EDIT
In physics, most of us learned that \begin{align} \int_{a^-}^{a^+} f(x)\delta (x-a)dx&=f(a)\\ \frac{dH(x)}{dx}&=\delta(x). \end{align}
So, would it be natural to have the below? \begin{align} \int_0^t\delta(x+a)dx=H(t+a)-H(a) \end{align} However, it shows in Wolfram this weird complexity \begin{align} \int_0^t\delta(x+a)dx=(2H(t)-1)H(-a-tH(-t))H(a+tH(t)) \end{align}
It surprised me that my understanding of Heaviside function $H(x)$ was heavily overestimated.

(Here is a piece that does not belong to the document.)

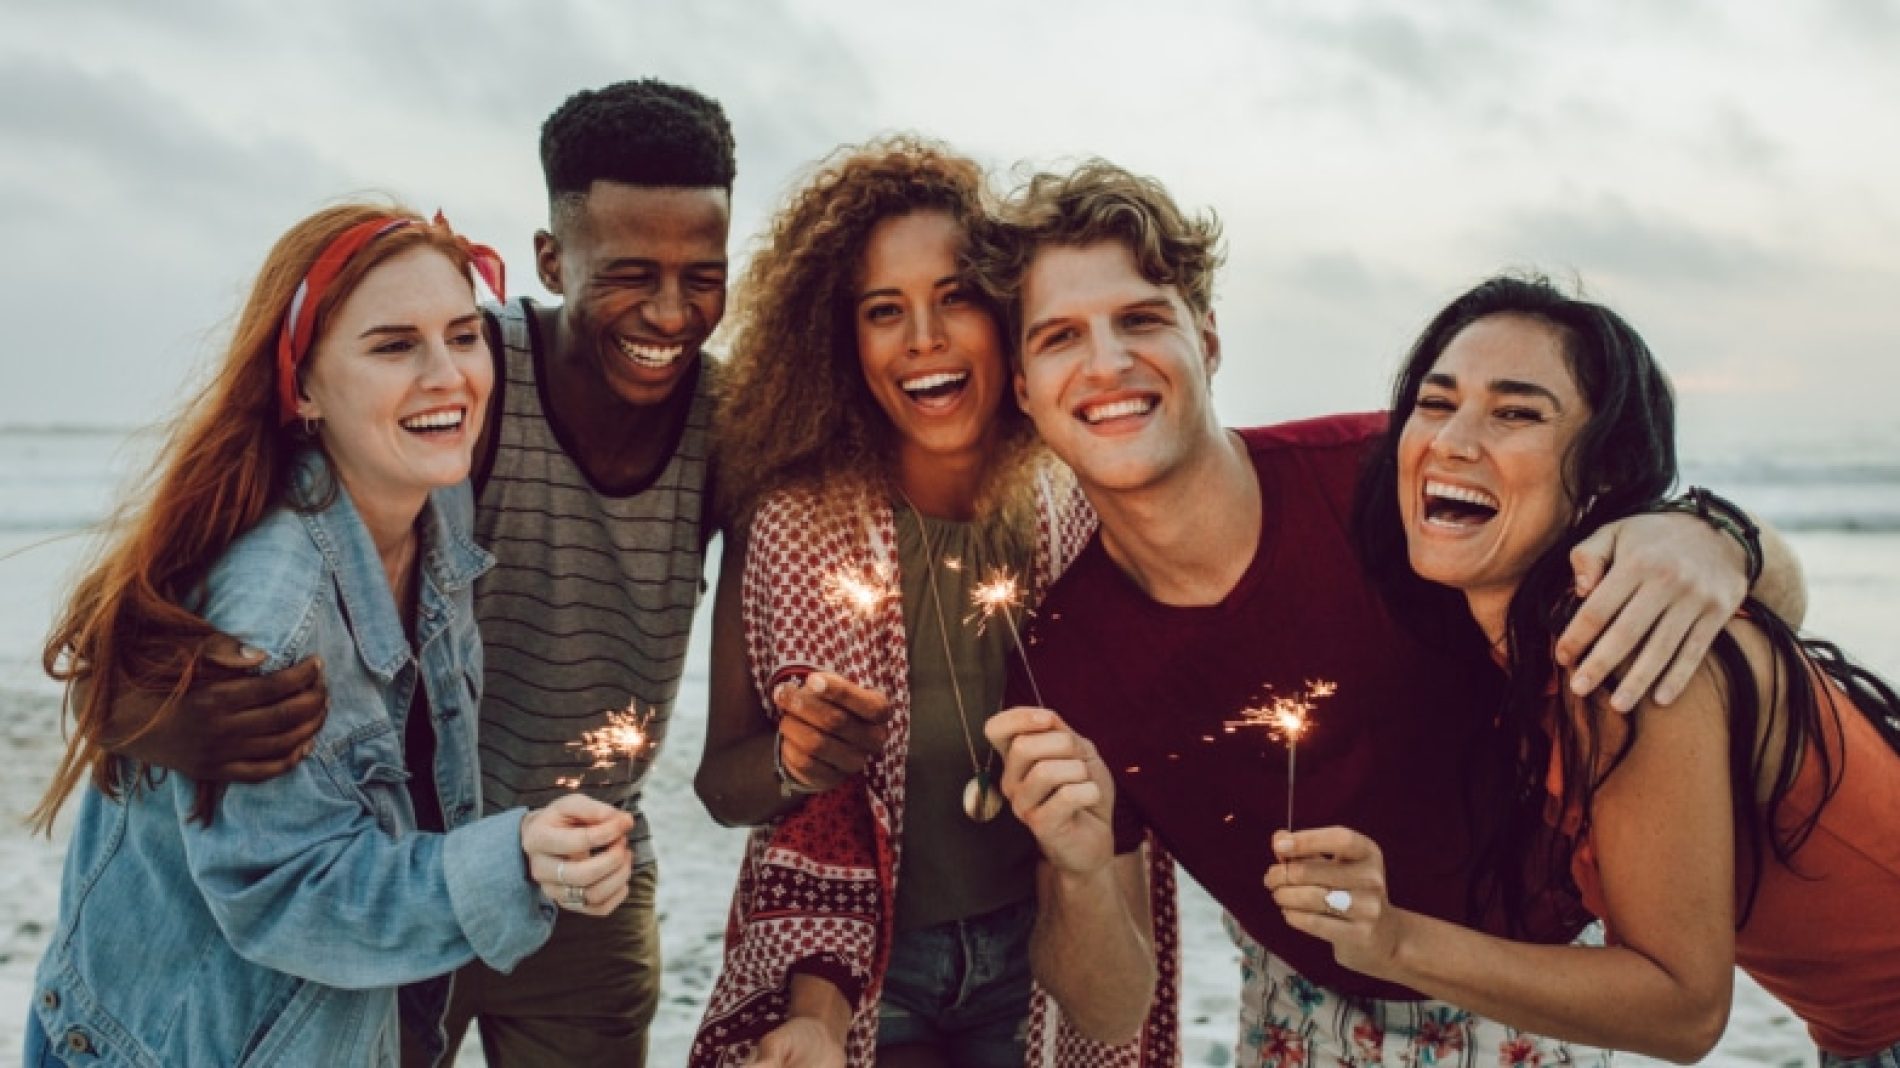 Group-of-young-people-with-sparklers-cXRRed

No worry. It is a different expression for the same final result.
I have programmed your "weird function" defined by :
$$W(t)=\underbrace{(2H(t)-1)}_{sign(t)}.H(-a-t.H(-t))H(a+\underbrace{t.H(t)}_{ramp}) \tag{1}$$
(Matlab code below)
It gives the same result as $H(t+a)-H(a)$ in the two different cases $a>0$ and $a \le 0$.
It is not the first time that I see equivalent expressions written very differently using Heaviside function.
A known example is the "characteristic function" of interval $[a,b]$ (value $1$ for $a<t<b$, $0$ elsewhere) which can be written using $H$ function in (at least) two ways :
$$\underbrace{H(t-a)-H(t-b)}_{additive \ way}=\underbrace{H(t-a)H(b-t)}_{multiplicative \ way}$$
Please note that the first factor in (1) is the sign function and that $t*H(t)$ defines the "ramp function" which is a primitive function of $H$.